Instructions for the task.
The answer is to be the lines below that lie between the line holding "Мадьяров Ж.М. - Редкая" and the line holding "Marcelita Midi Dress", inclusive, transcribed exactly and free of pictures.

Dataset records.
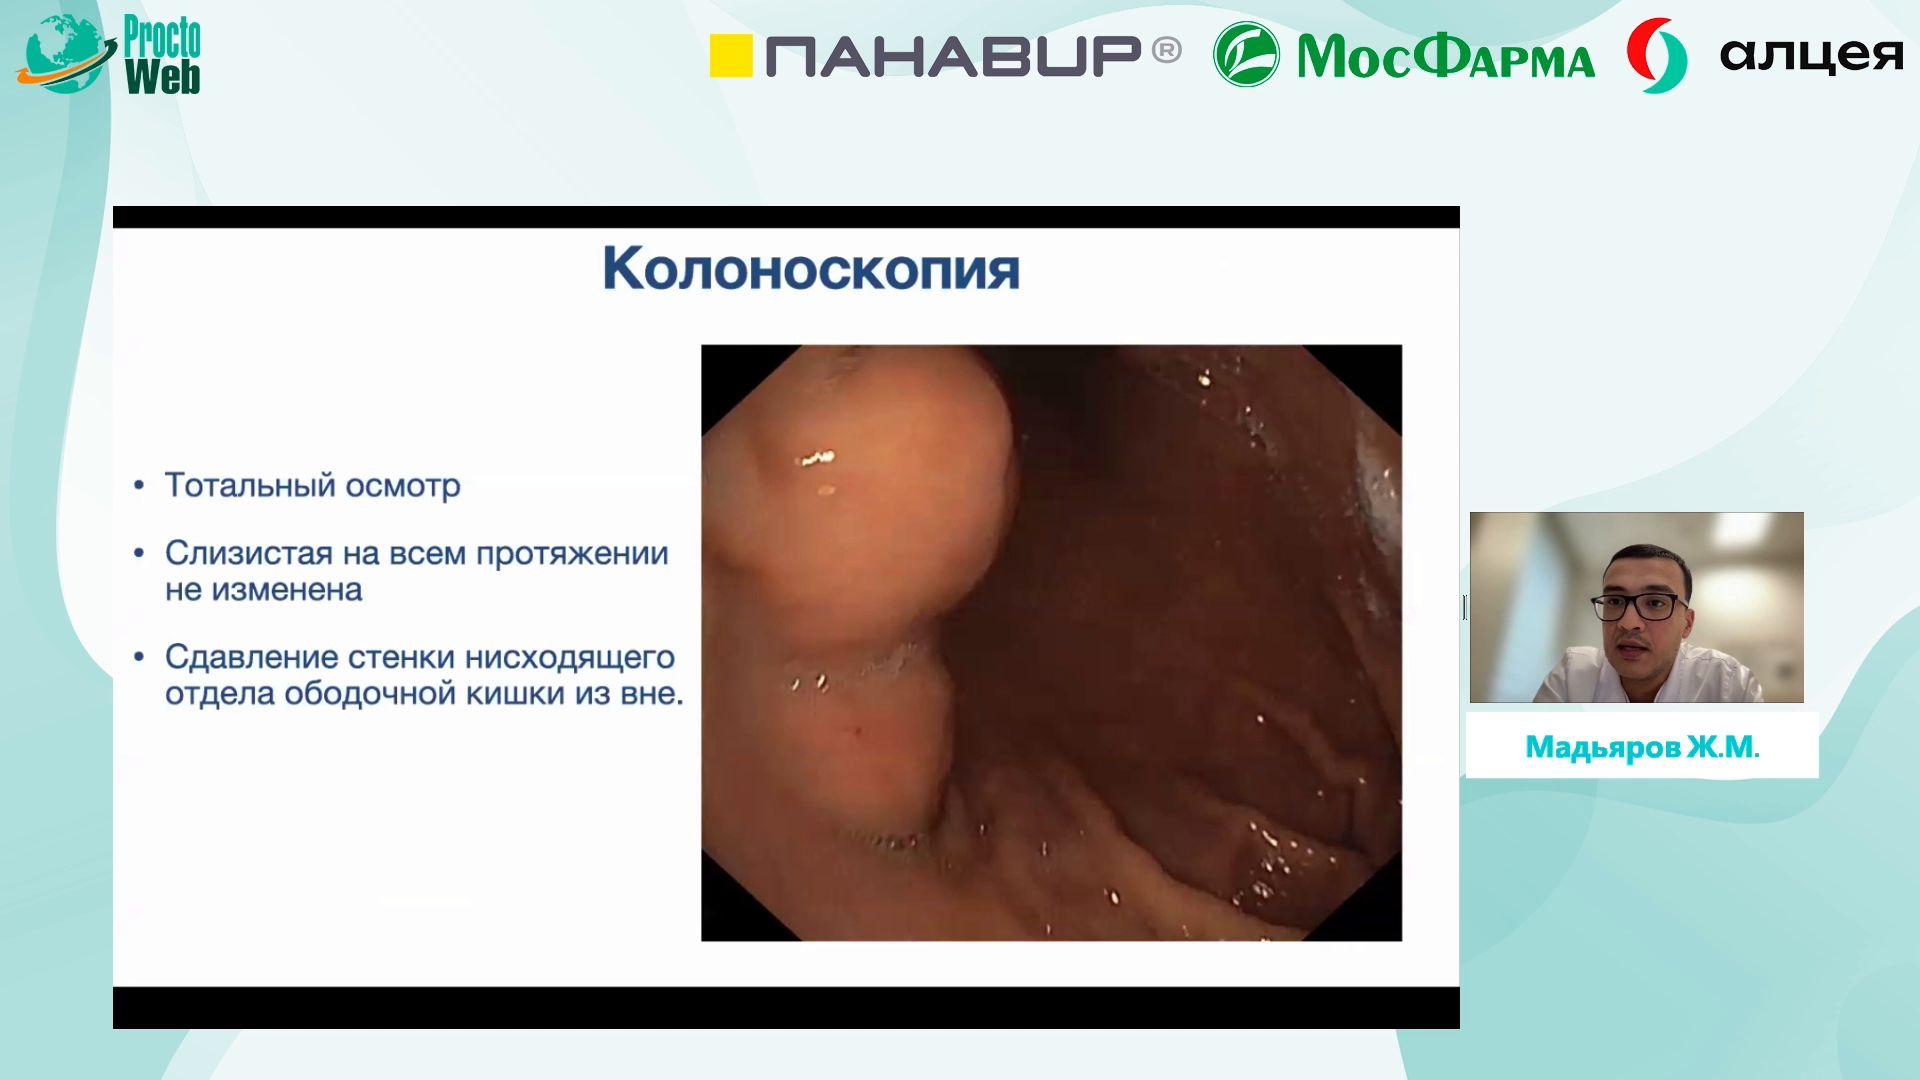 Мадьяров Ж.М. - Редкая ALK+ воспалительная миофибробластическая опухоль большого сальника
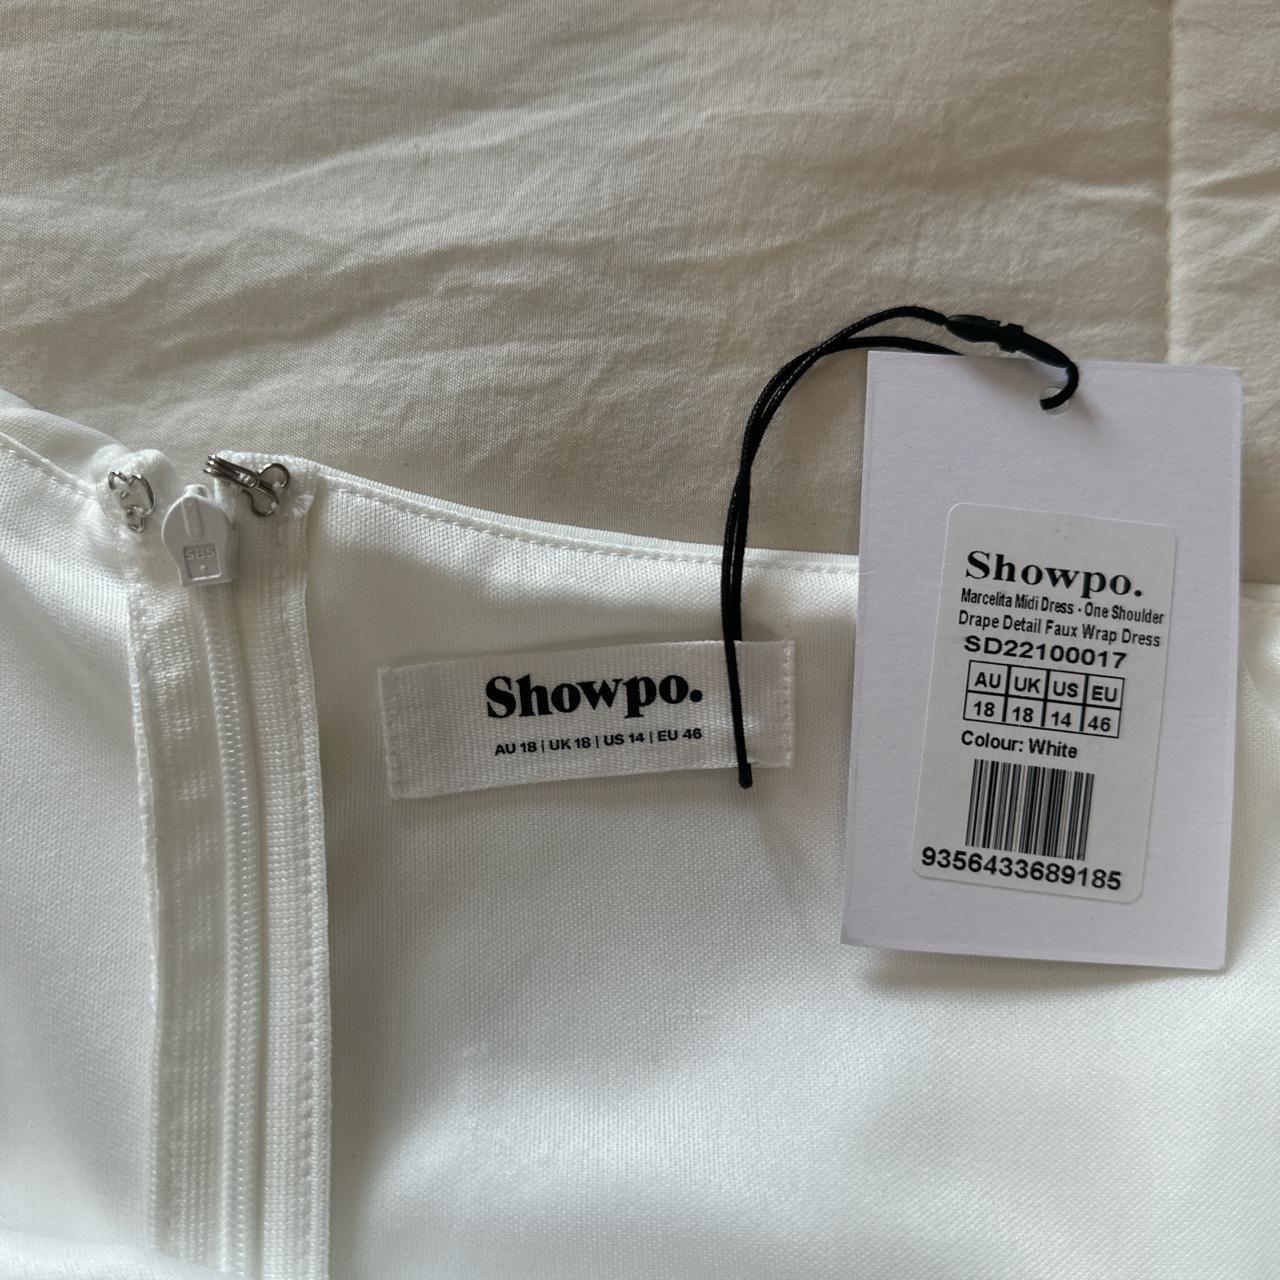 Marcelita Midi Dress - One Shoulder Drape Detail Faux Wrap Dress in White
---
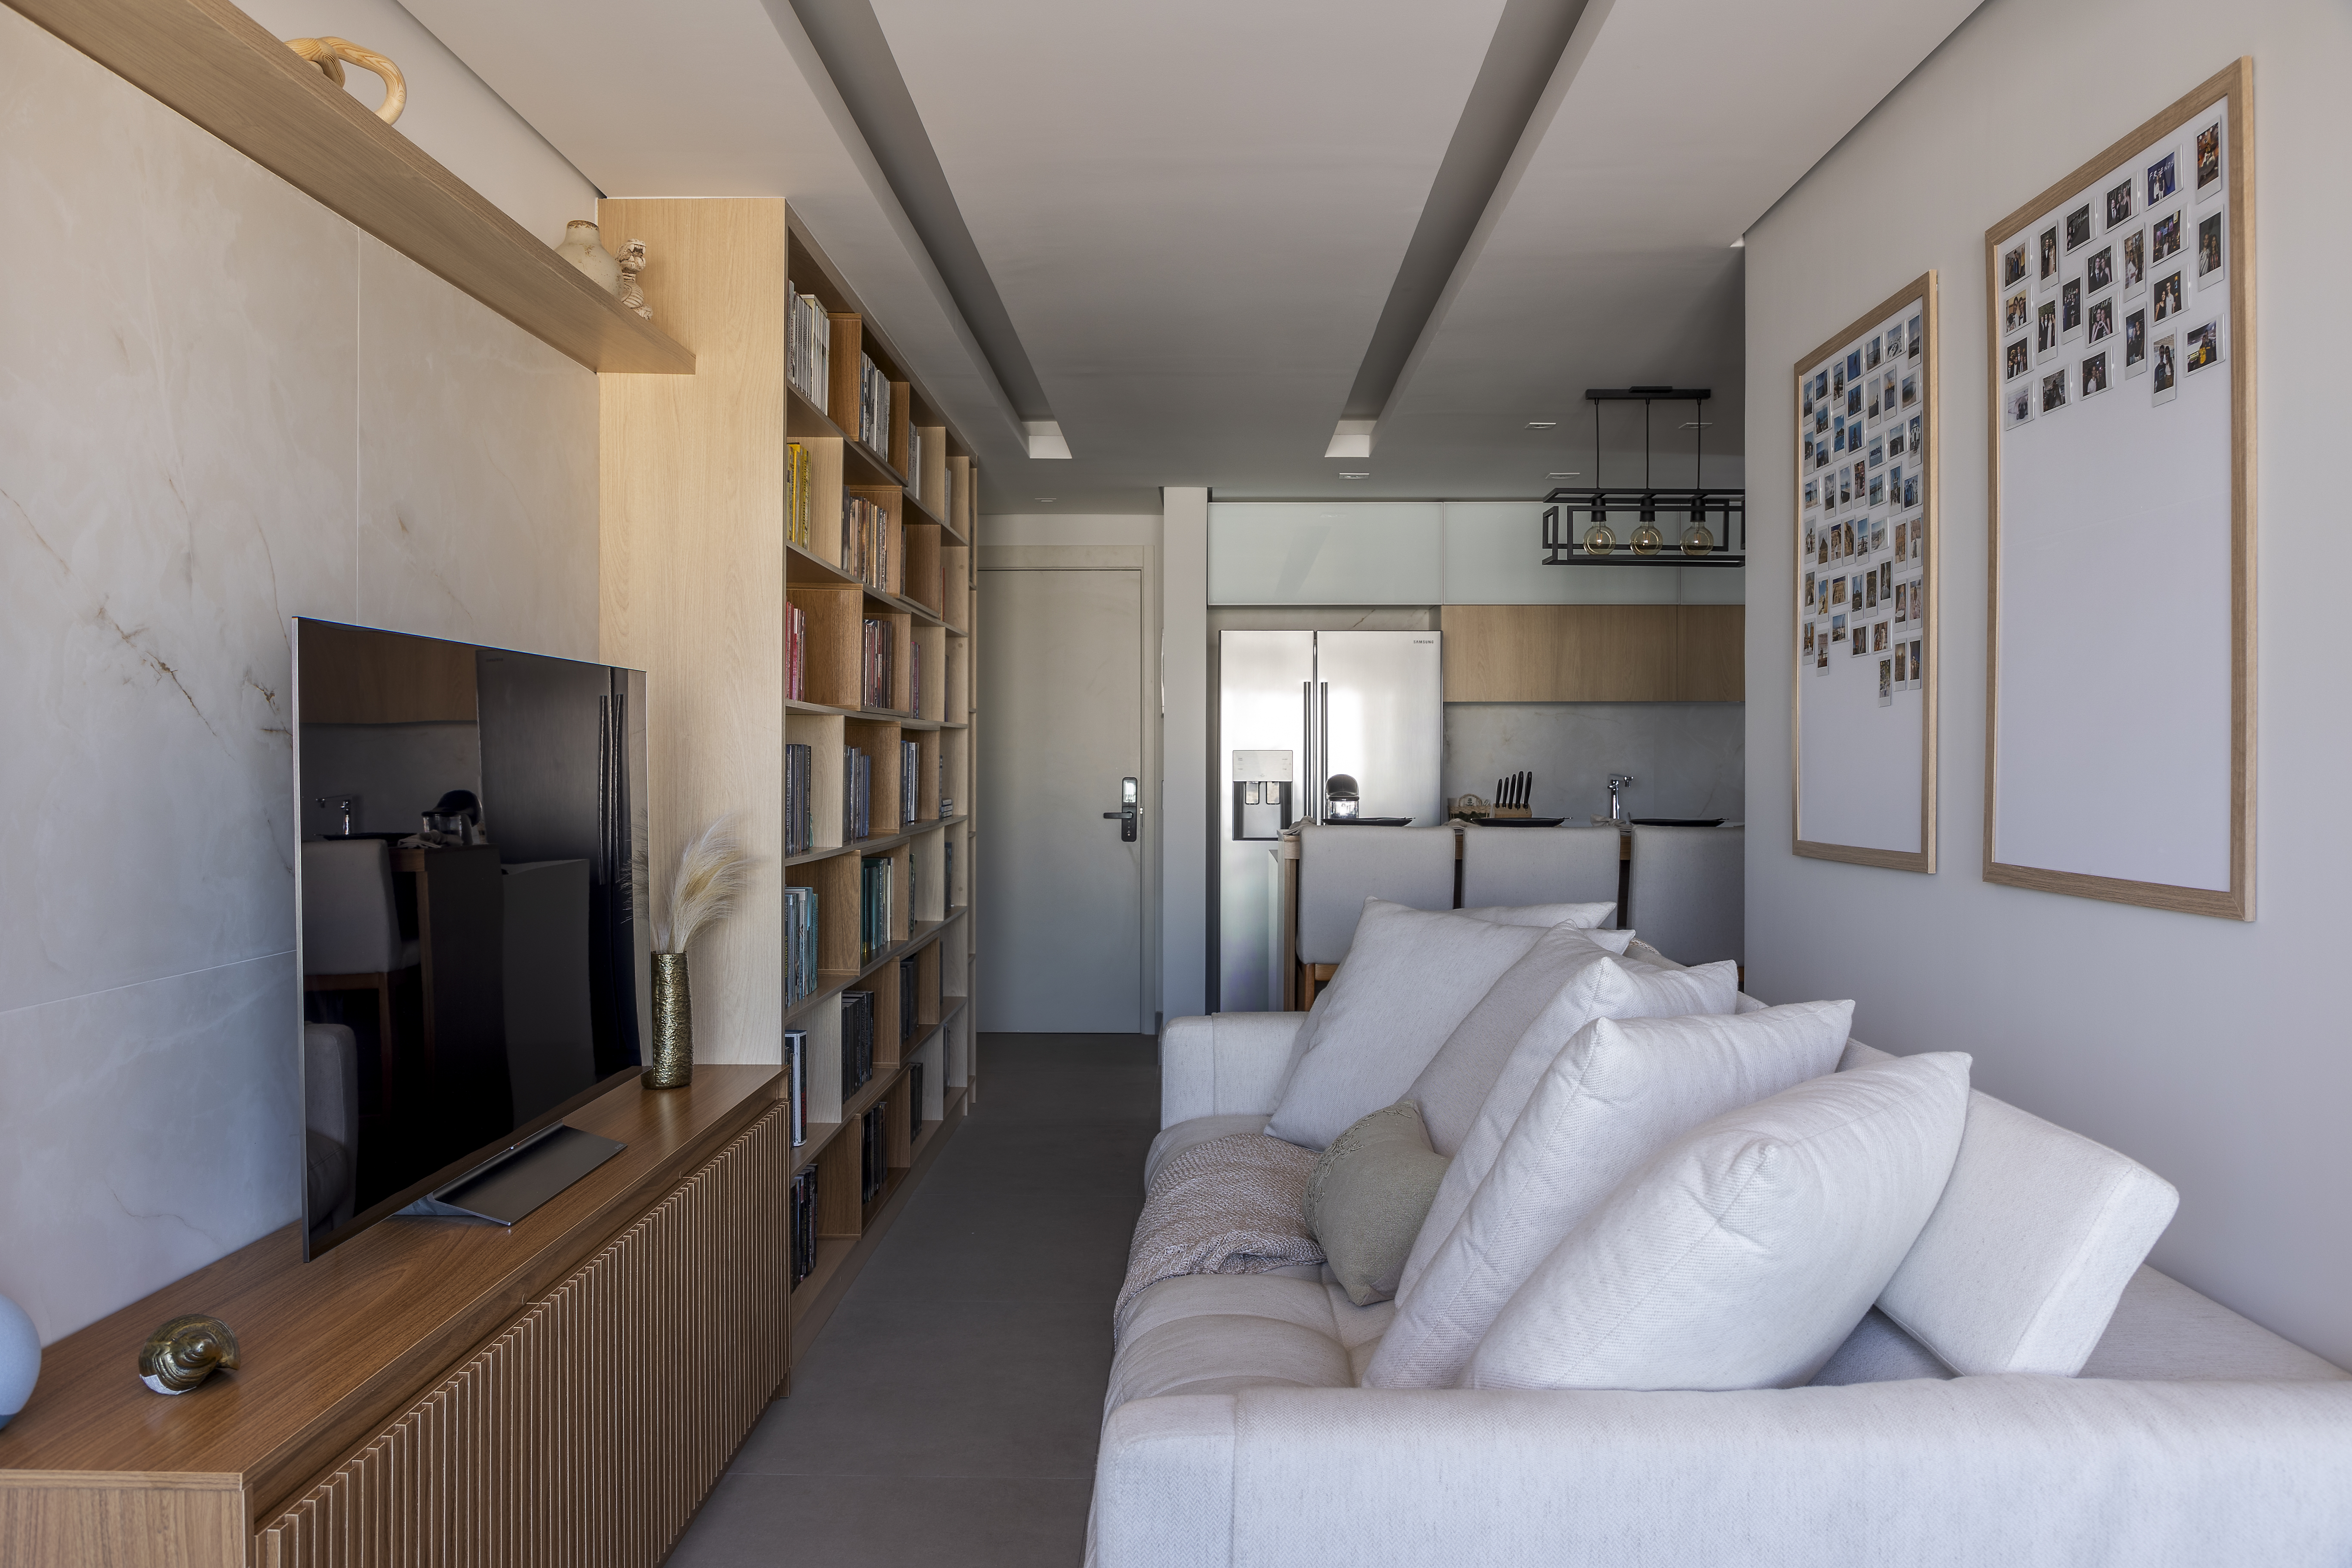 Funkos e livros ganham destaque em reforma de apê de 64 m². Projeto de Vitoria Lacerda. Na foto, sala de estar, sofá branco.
---
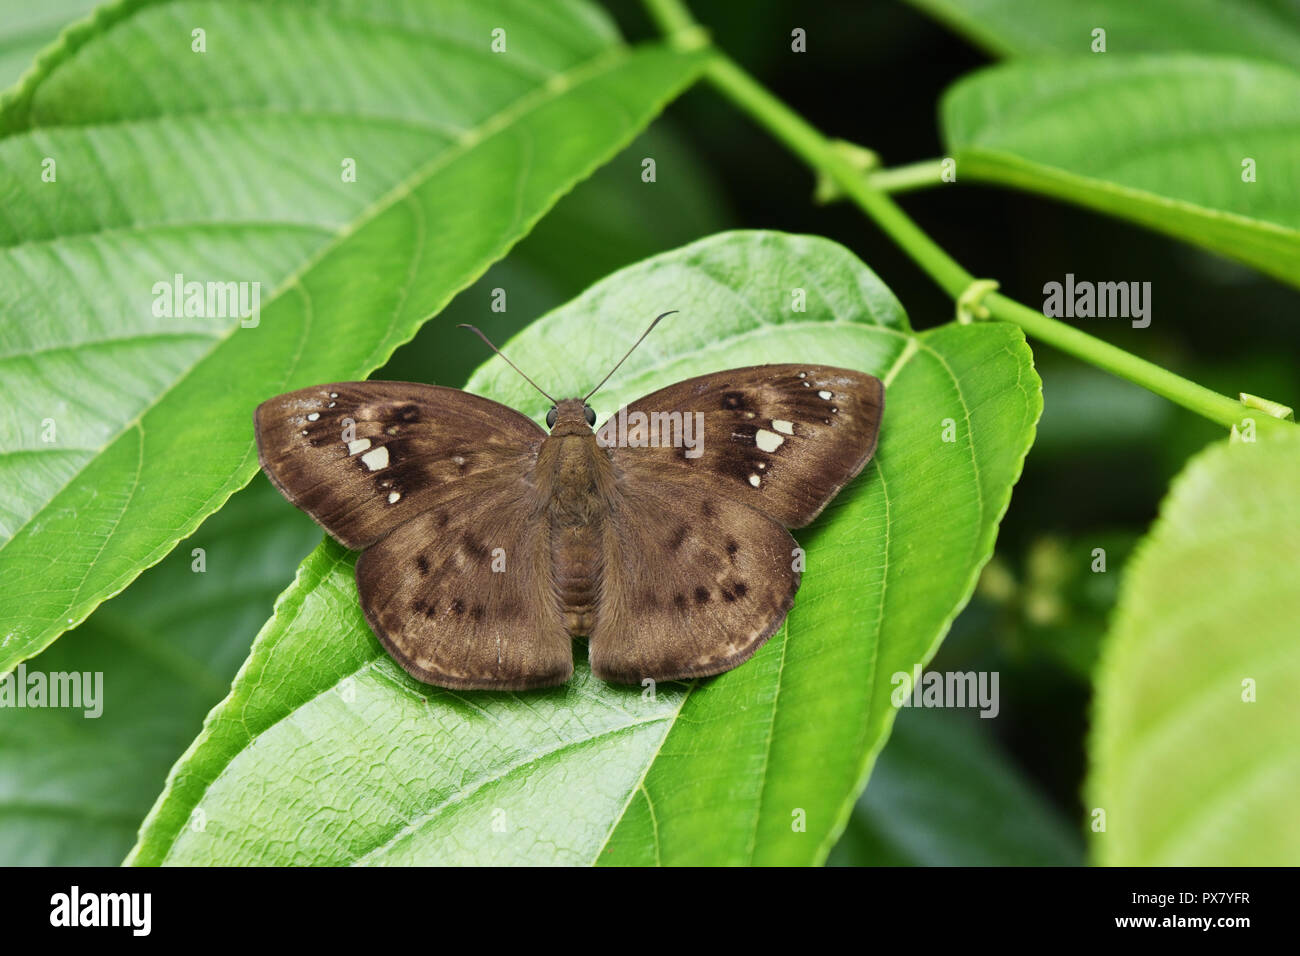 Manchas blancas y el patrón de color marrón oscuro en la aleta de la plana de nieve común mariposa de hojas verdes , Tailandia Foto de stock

Task response.
 Мадьяров Ж.М. - Редкая ALK+ воспалительная миофибробластическая опухоль большого сальника
 Marcelita Midi Dress - One Shoulder Drape Detail Faux Wrap Dress in White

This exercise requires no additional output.